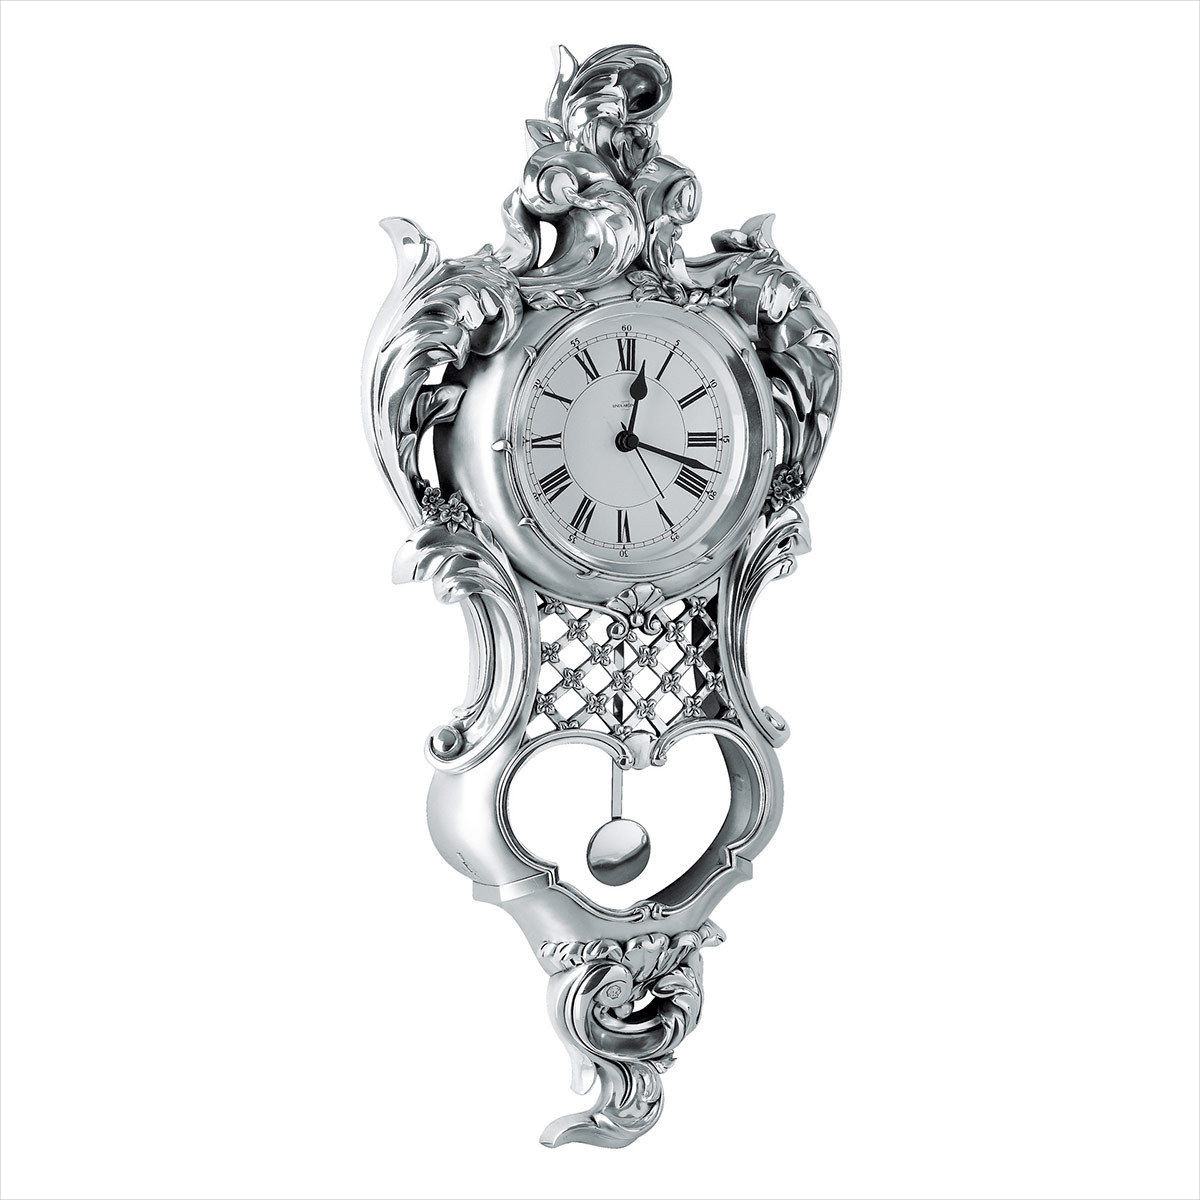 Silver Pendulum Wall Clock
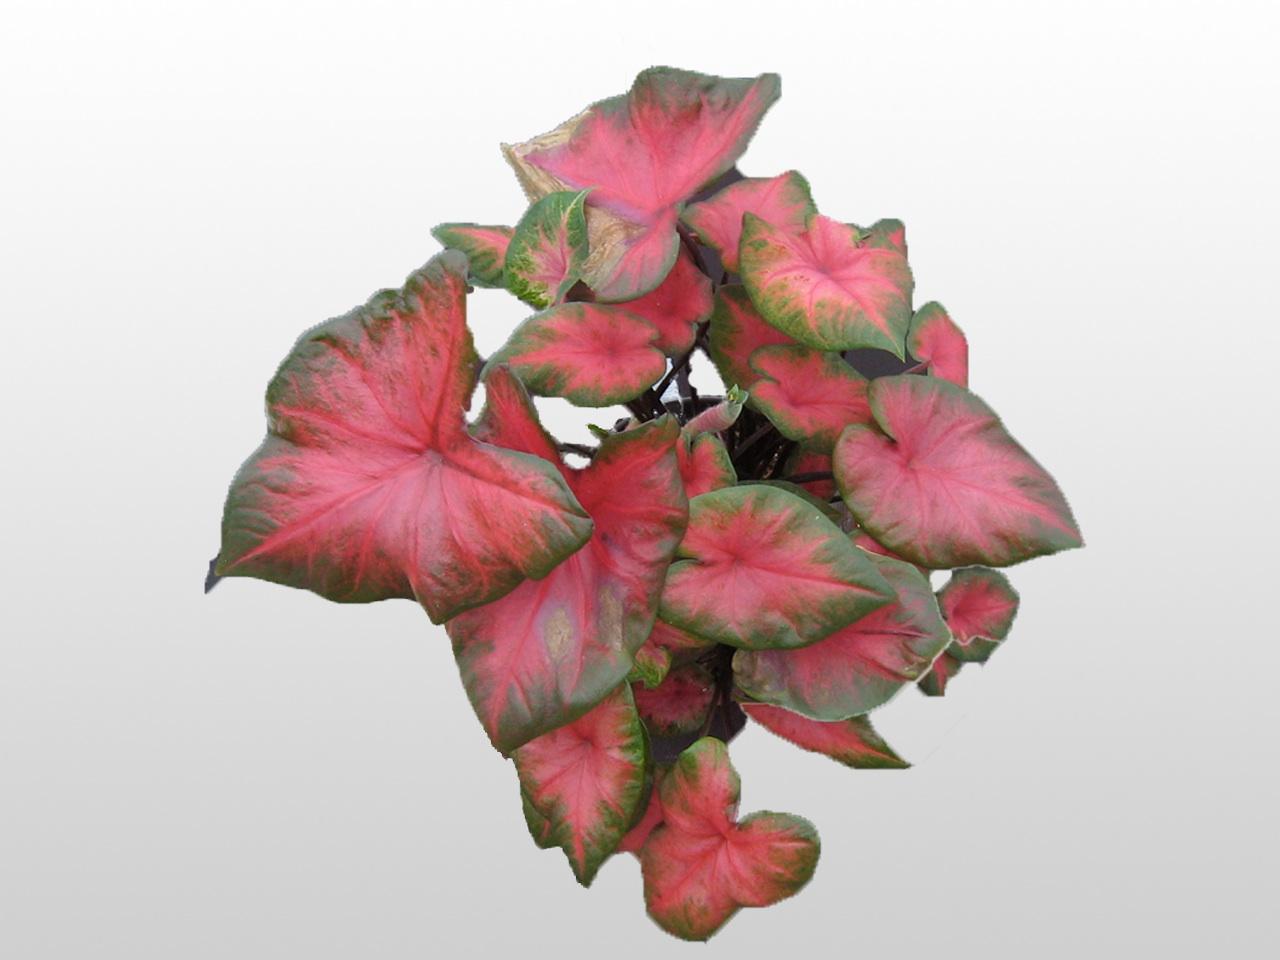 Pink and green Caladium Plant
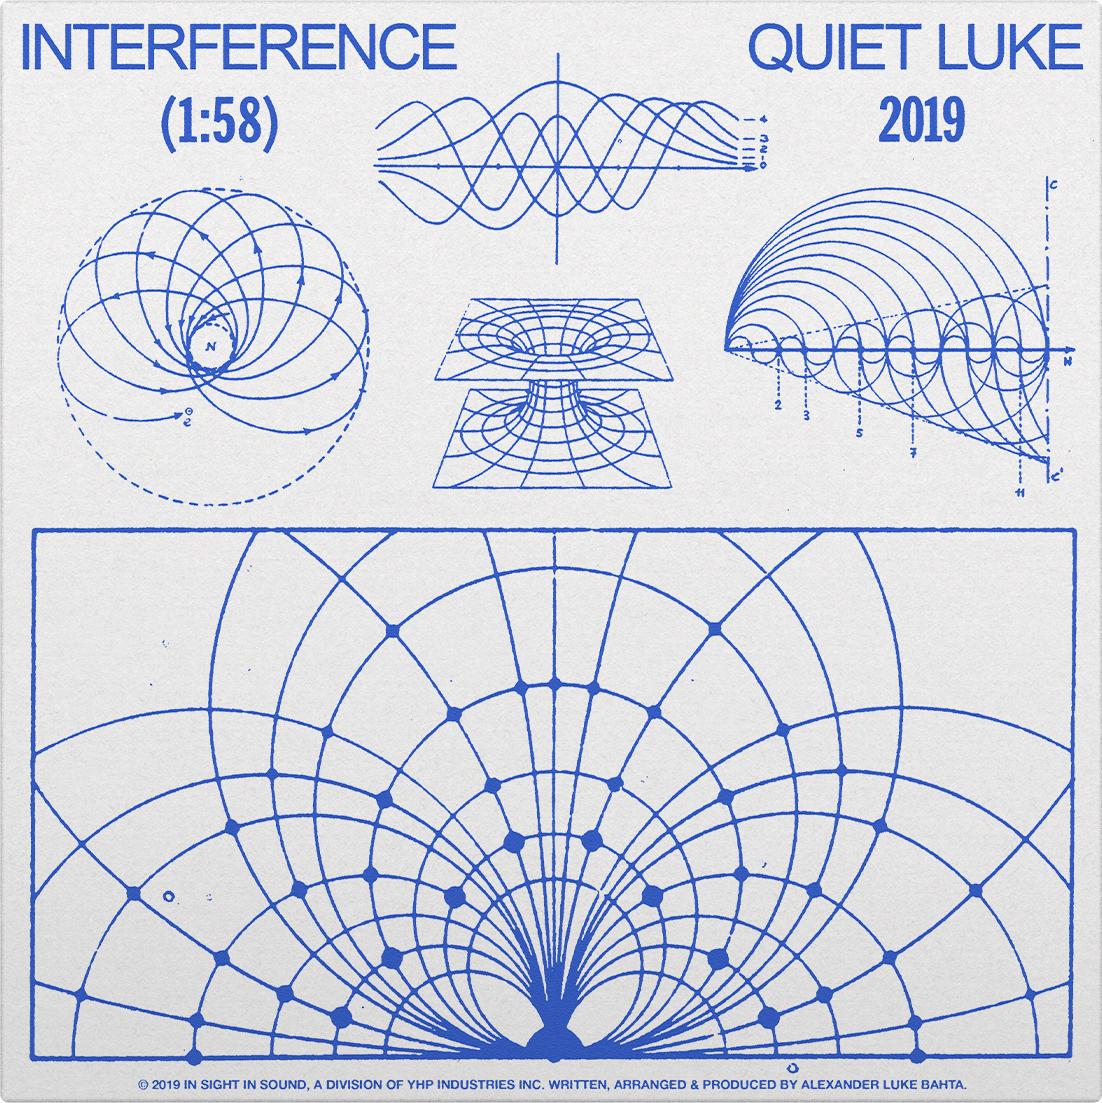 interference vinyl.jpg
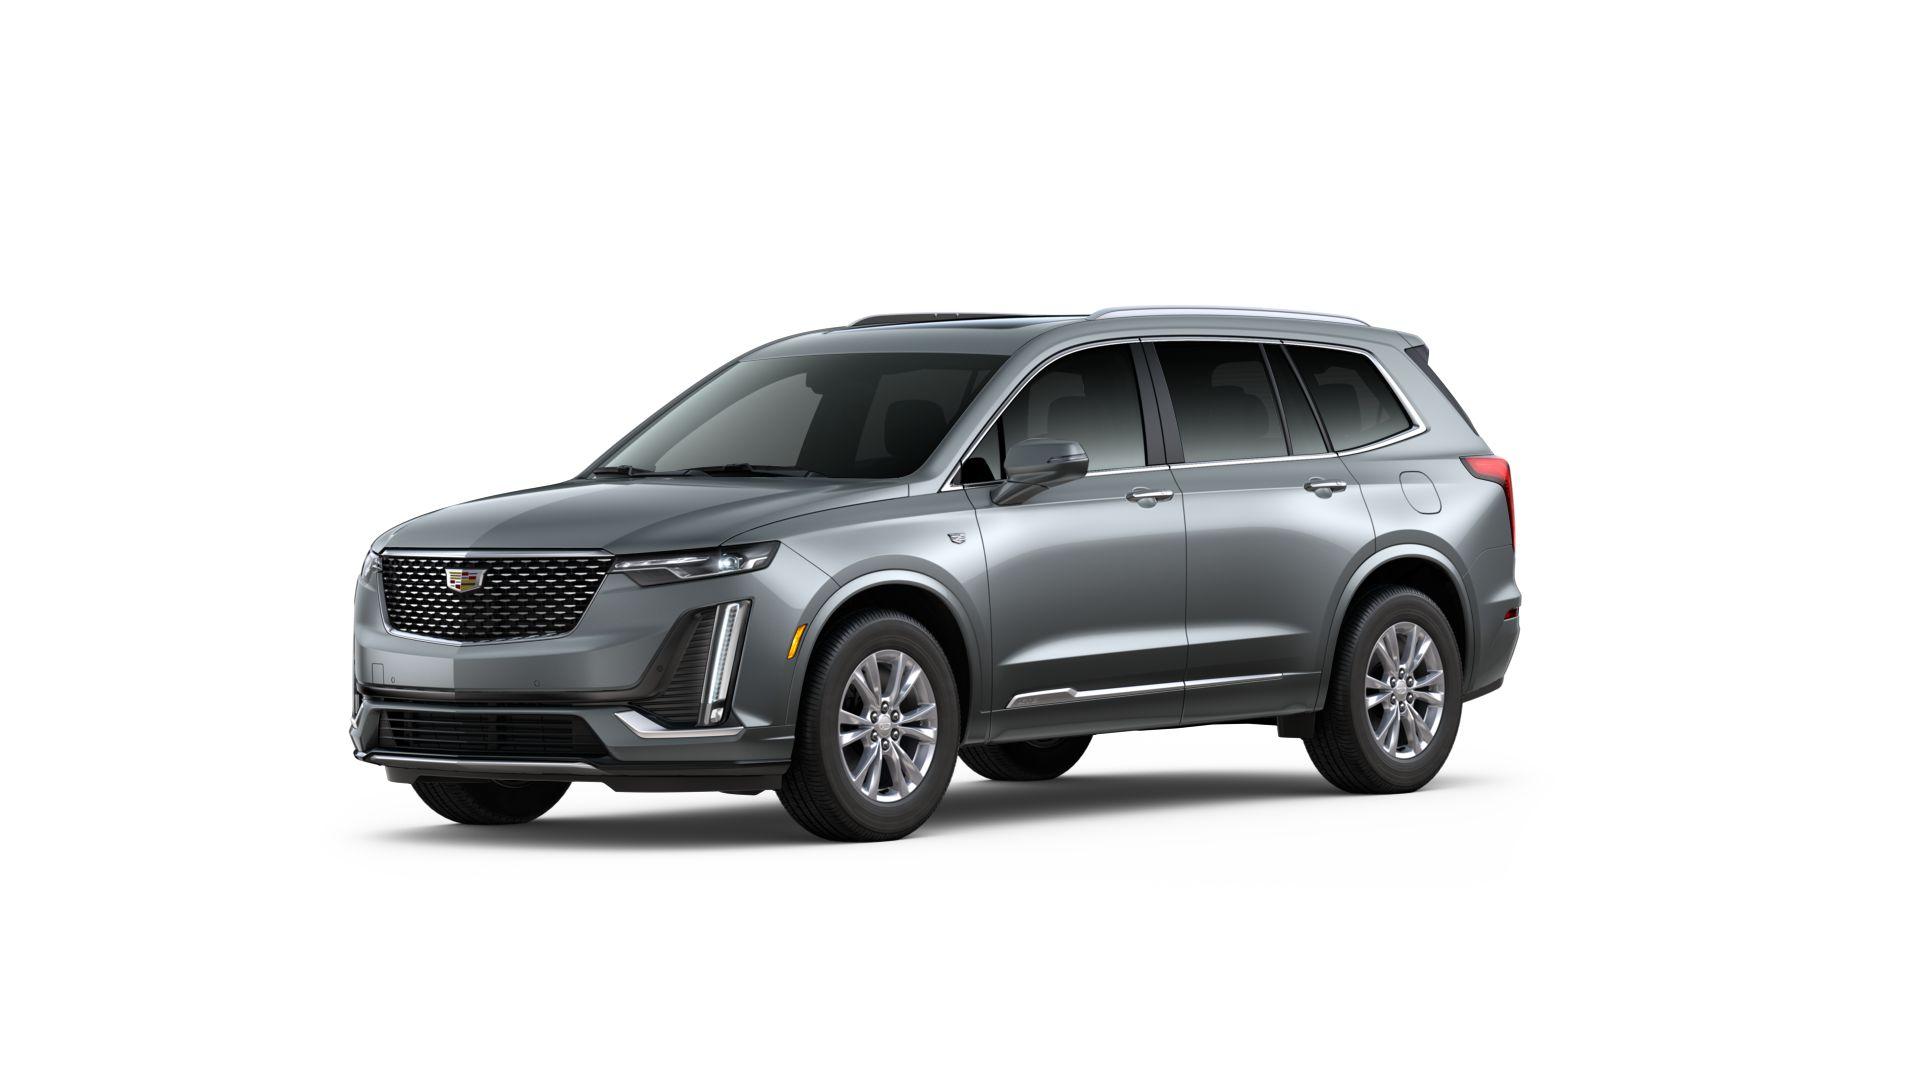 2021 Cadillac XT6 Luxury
================
__Task goal__. Strip out the pictures and quote the remaining data word for word.

__Task answer__.
 Silver Pendulum Wall Clock
 Pink and green Caladium Plant
 interference vinyl.jpg
 2021 Cadillac XT6 Luxury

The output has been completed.